While shops were open to all, access to leisure sites like gyms and theatres was limited to people who have had both doses of the vaccine more than a week prior or those who have recovered from the disease with presumed immunity.

Those people get "Green Pass" status displayed on a Health Ministry app.

Mask wearing and social distancing measures are still in force.

Dancing is barred at banquet halls, and synagogues, mosques or churches are required to halve their normal number of worshippers.

Coming exactly a year after Israel's first documented coronavirus case, Sunday's easing of curbs is part of a government plan to open the economy more widely next month, when Prime Minister Benjamin Netanyahu is up for re-election.

"We are the first country in the world that is reviving itself thanks to the millions of vaccines we brought in," he tweeted. "Vaccinated? Get the Green Pass and get back to life."

Israel has administered at least one dose of the Pfizer vaccine to more than 46 per cent of its nine million population, the Health Ministry says.

The risk of illness from Covid-19 dropped by 95.8 per cent among people who received both shots of the vaccine, the Health minisry said on Saturday.

The country has logged more than 740,000 cases and 5,500 deaths from the illness, prompting criticism of the Netanyahu government's sometimes patchy enforcement of three national lockdowns. It has pledged that there will not be a fourth.

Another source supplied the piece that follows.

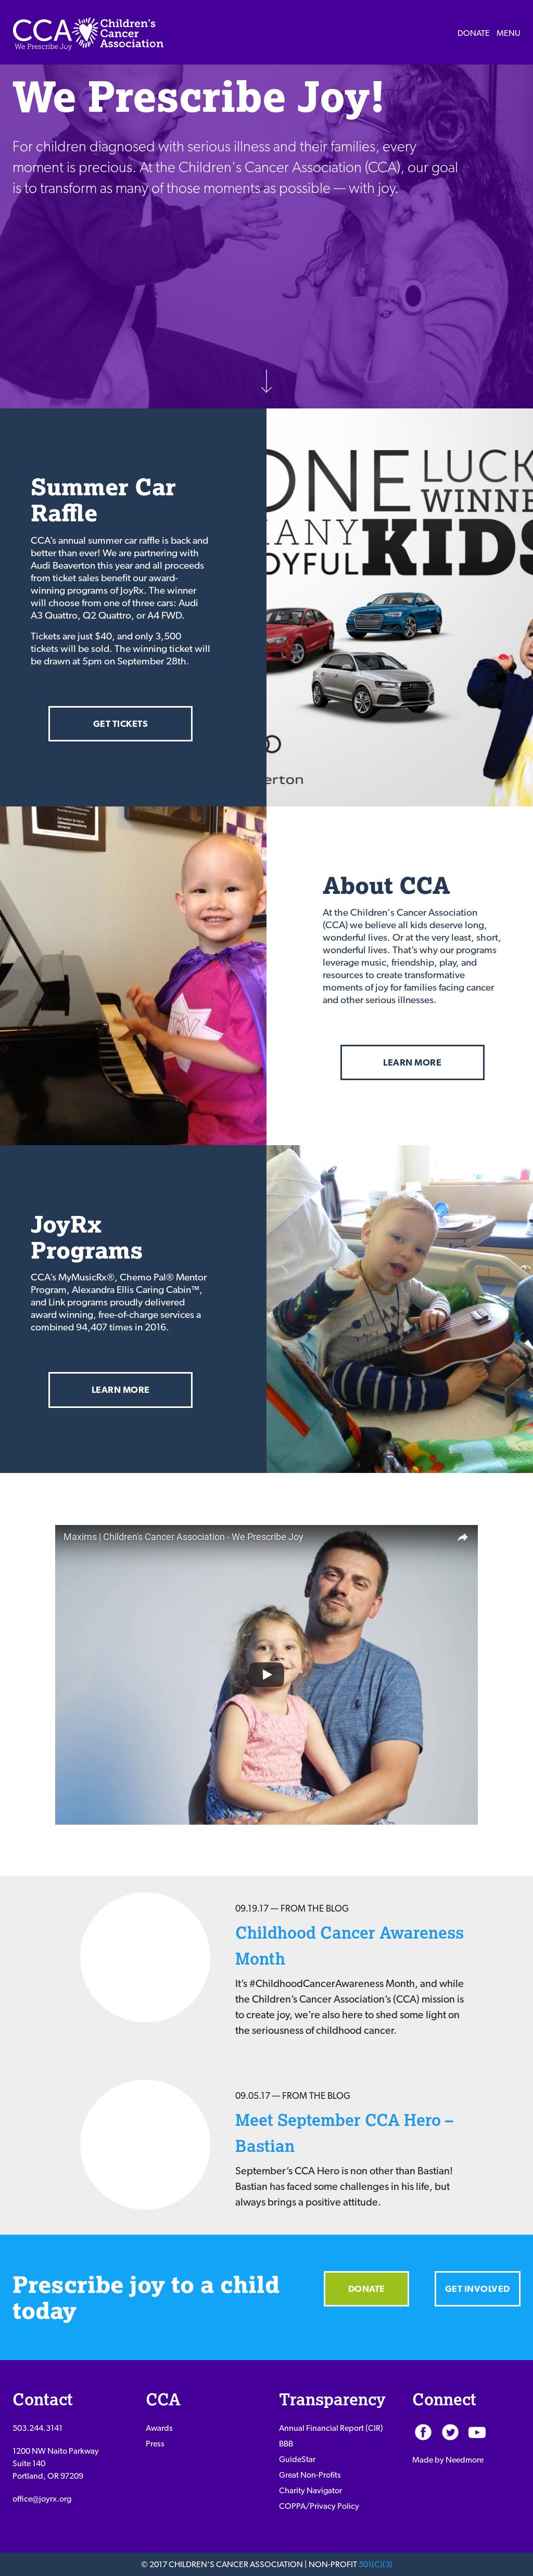 Joyrx Competitors, Revenue and Employees - Owler Company Profile

But Dr Nachman Ash, a physician in charge of the country's pandemic response, told Army Radio that another lockdown "is still possible ... Half of the population is still not immune."

Elementary schoolers and students in the last two years of high school attended classes on Sunday in Israeli towns found to have contagion rates under control. Middle schoolers are due back by next month, after almost a year of remote learning.